Скворцы были самыми любимыми друзьями мистера Гамб-рила; не раз, в предательские летние вечера, наблюдая за ними с балкона и слушая их разговоры, он схватывал простуду пли заболевал ревматизмом, укладывавшим его в постель на долгие мучительные часы. Но эти мелкие неприятности не охлаждали его привязанности к птицам; и каждый вечер, который можно было назвать хорошим, он сидел до наступления темноты на балконе и с увлечением смотрел сквозь круглые очки на четырнадцать платанов. Ветер раздувал его седые волосы, и длинные редкие пряди падали ему на лоб и на очки; тогда он нетерпеливо встряхивал головой, и его костлявая рука, перестав на минуту расчесывать и сучить жидкую седую бородку, откидывала назад растрепавшиеся пряди и приводила в порядок взлохмаченную голову.

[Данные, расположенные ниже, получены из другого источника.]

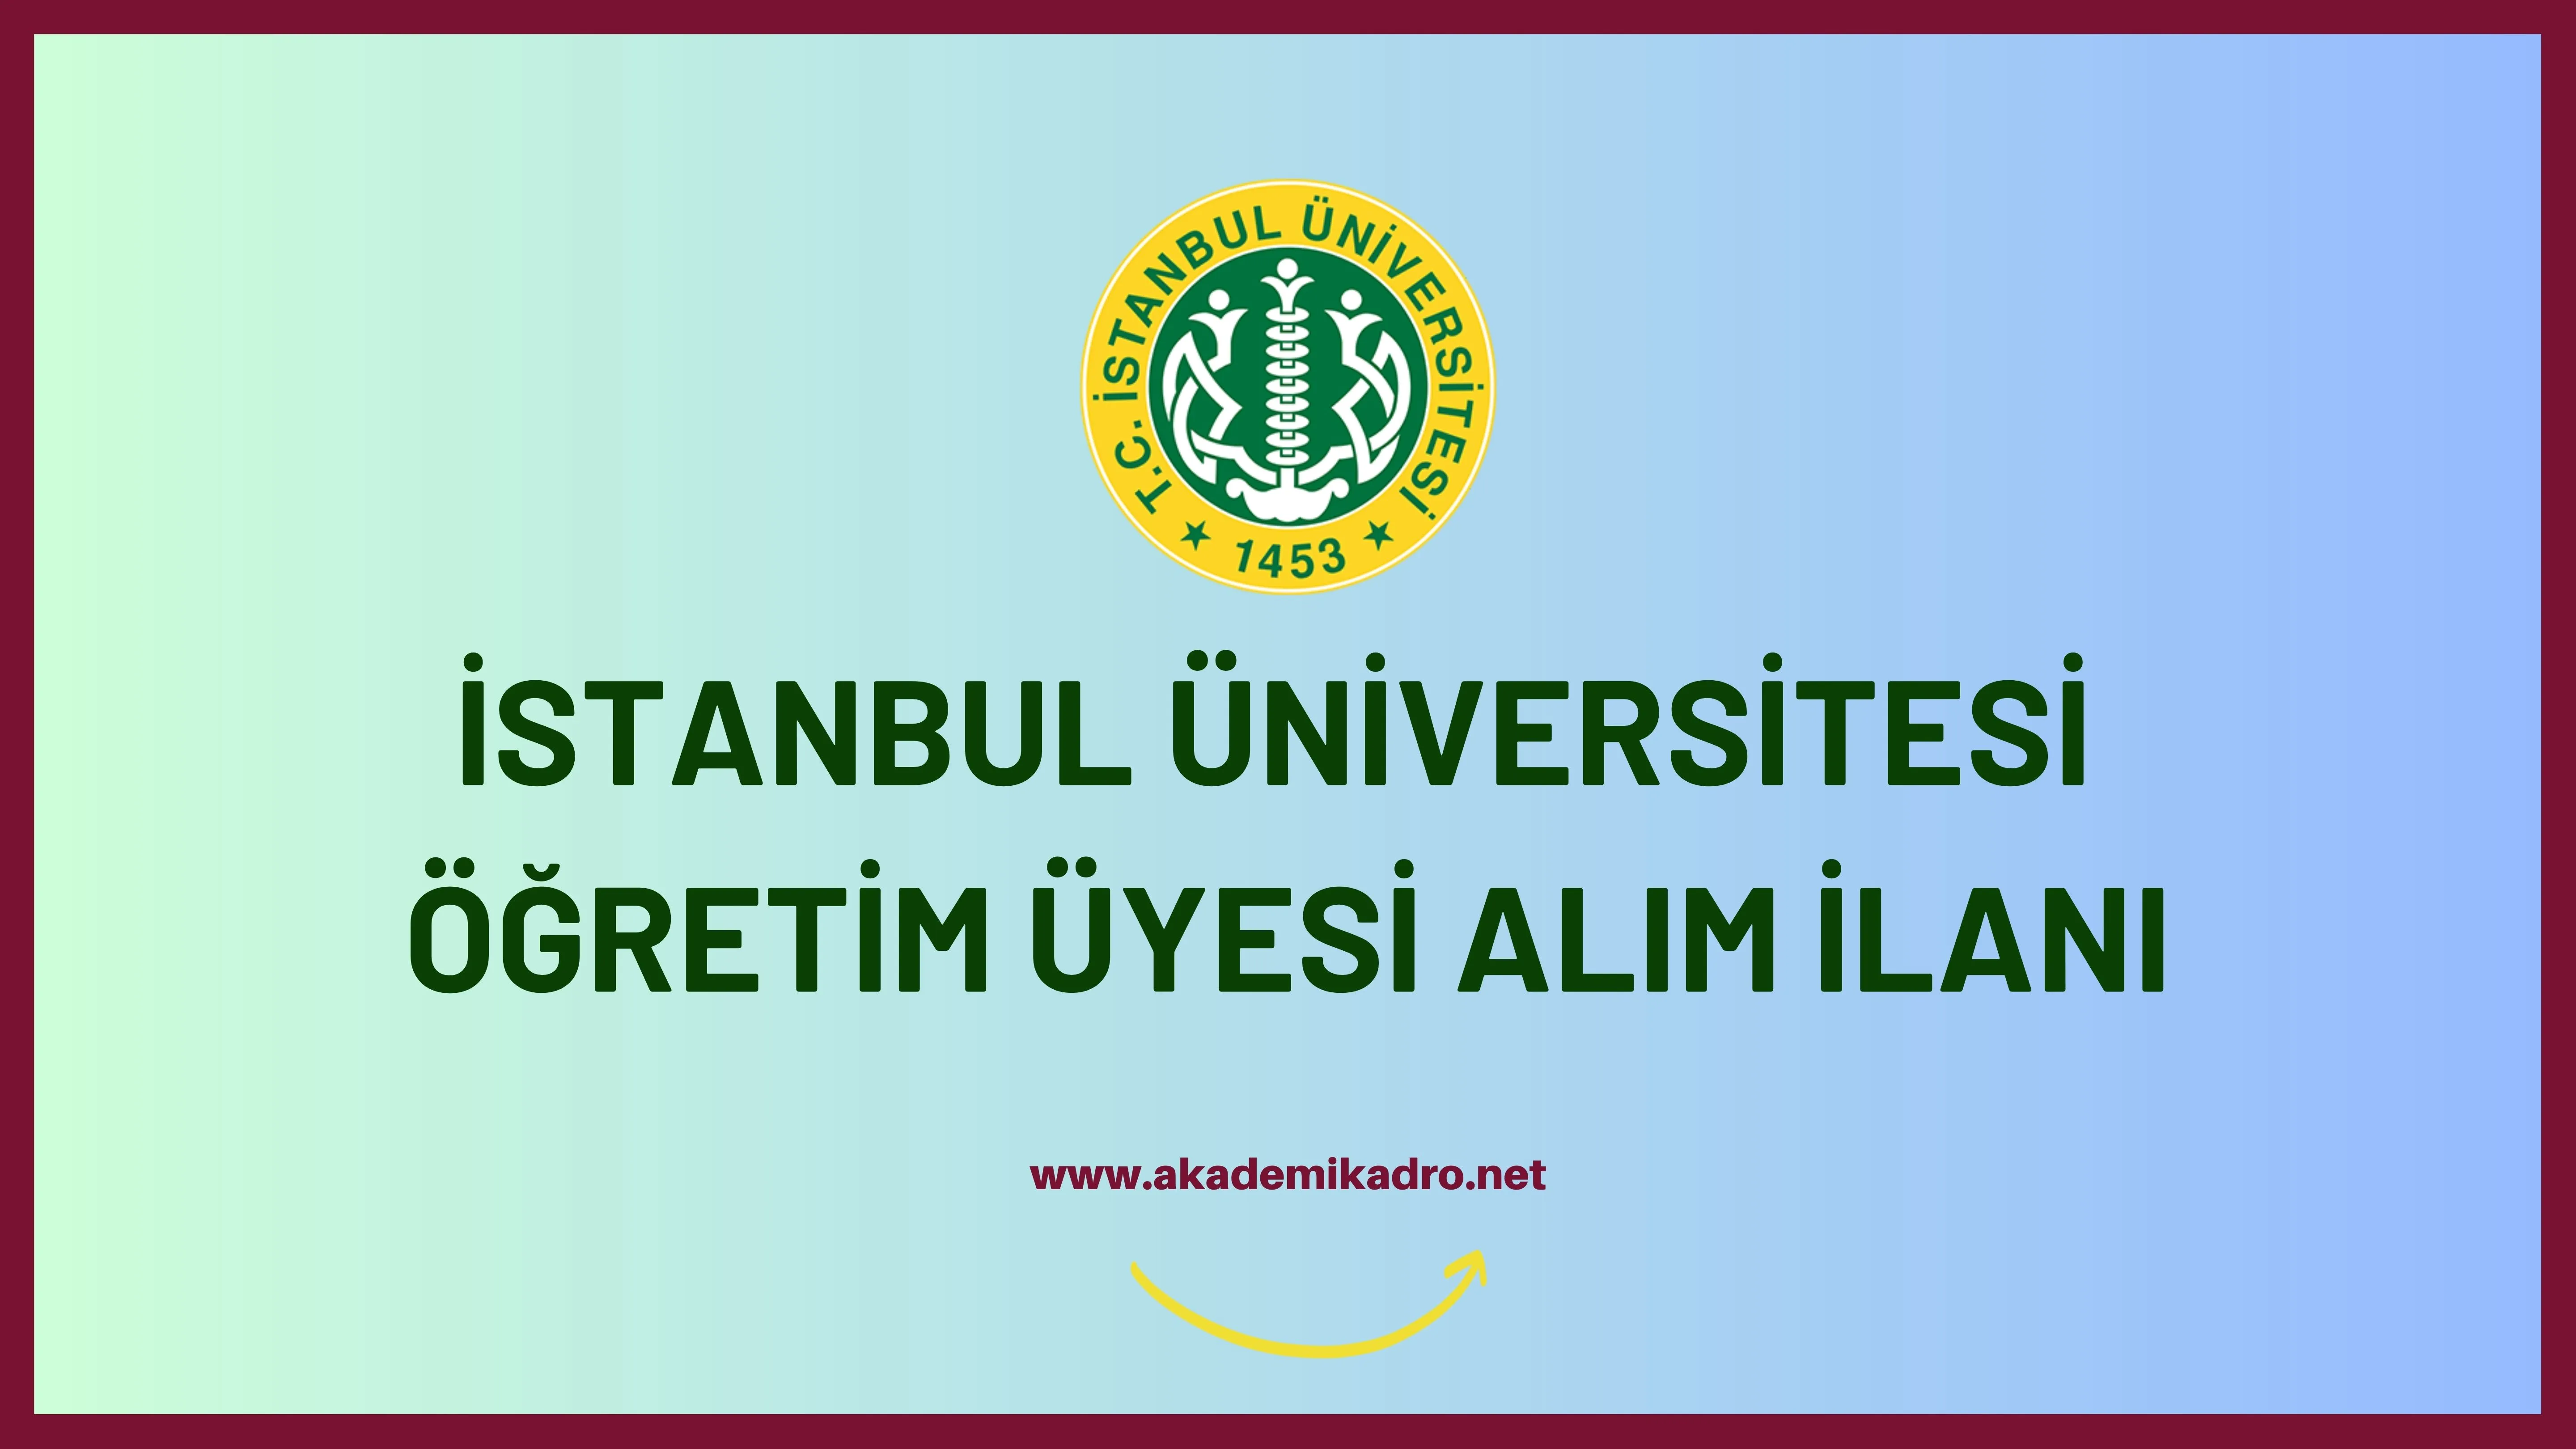 İstanbul Üniversitesi birçok alandan 10 Öğretim üyesi alacak.

Скворцы болтали, рука снова сучила и расчесывала бородку; еще порыв ветра; потом наступала темнота, и газовые фонари на площади освещали свисающие наружу листья платанов, изумрудным светом озаряли кусты бирючины за решеткой сквера; дальше, за ними, была непроницаемая ночь; вместо подстриженного газона и клумб с геранями там была тайна, там были бездонные глубины. И только тогда наконец замолкали птицы.